START Stored data

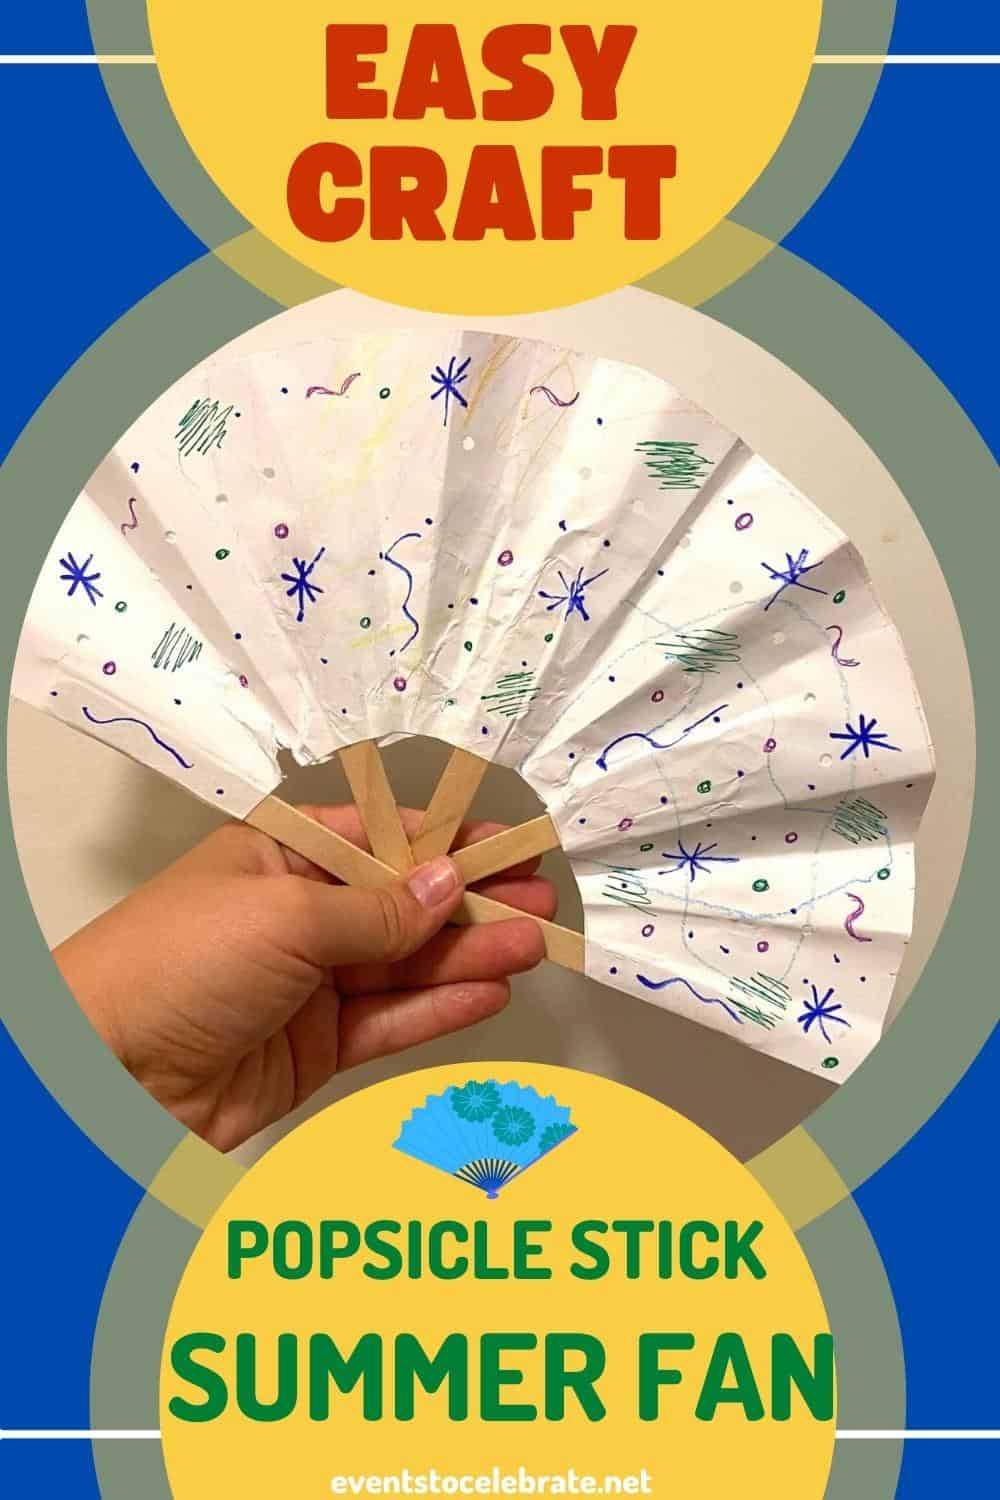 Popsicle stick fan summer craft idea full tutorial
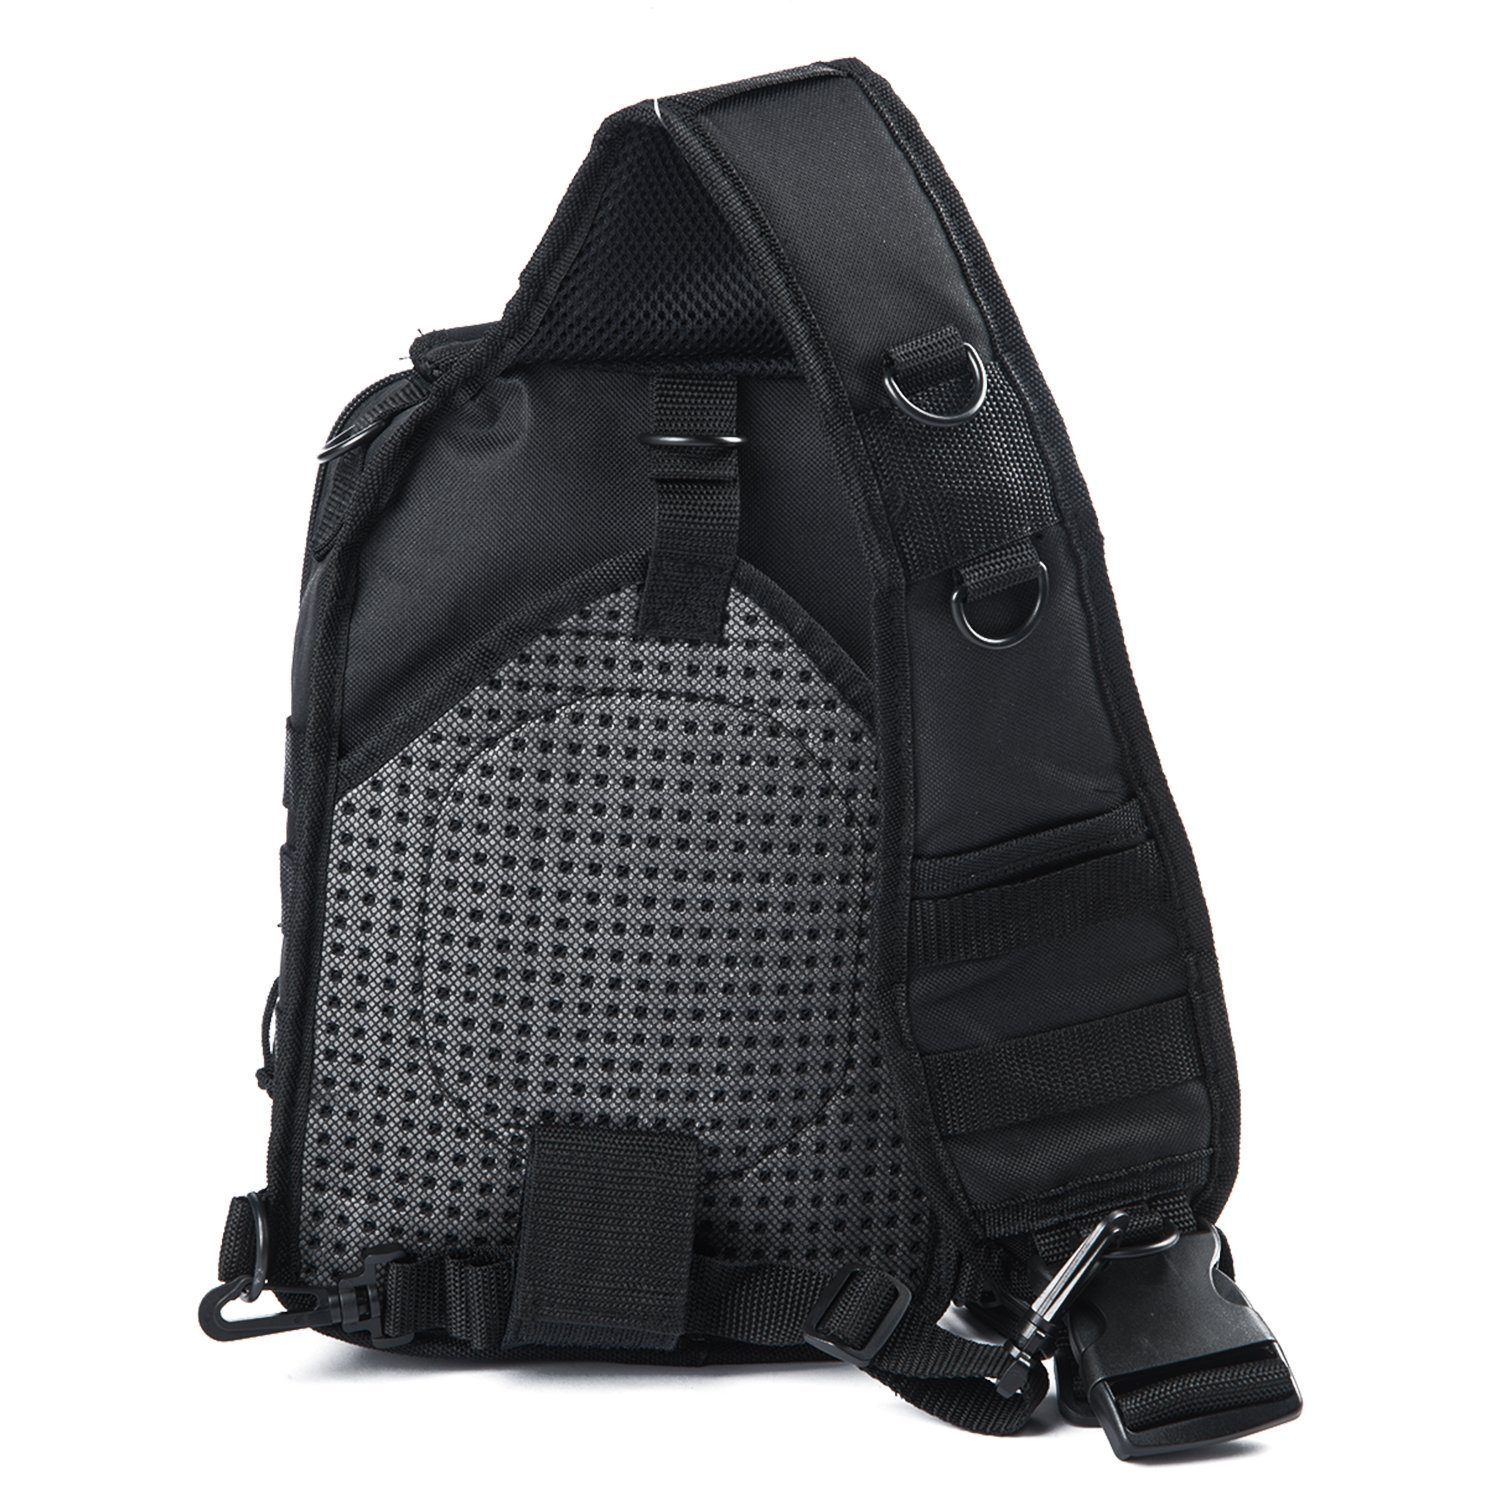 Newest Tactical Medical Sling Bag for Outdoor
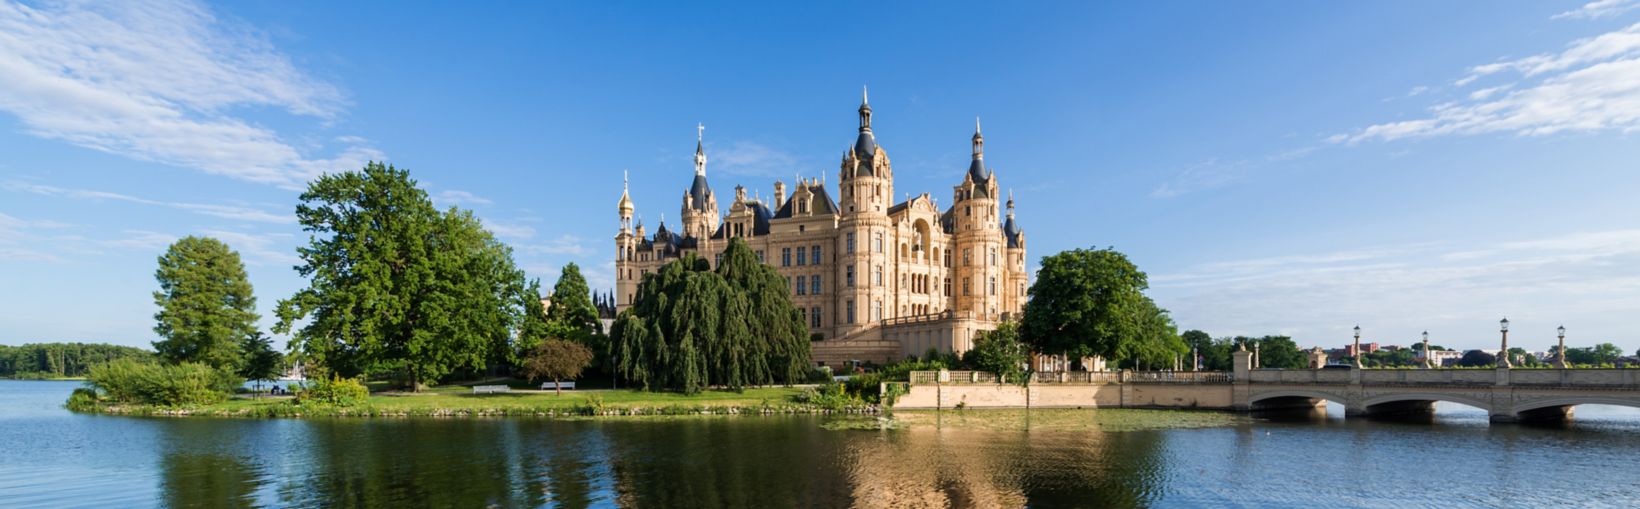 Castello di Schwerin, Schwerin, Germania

END Stored data

What the task requires. Reproduce the data exactly as it appears above. Pictures are to be left out.

Answer space.
 Popsicle stick fan summer craft idea full tutorial
 Newest Tactical Medical Sling Bag for Outdoor
 Castello di Schwerin, Schwerin, Germania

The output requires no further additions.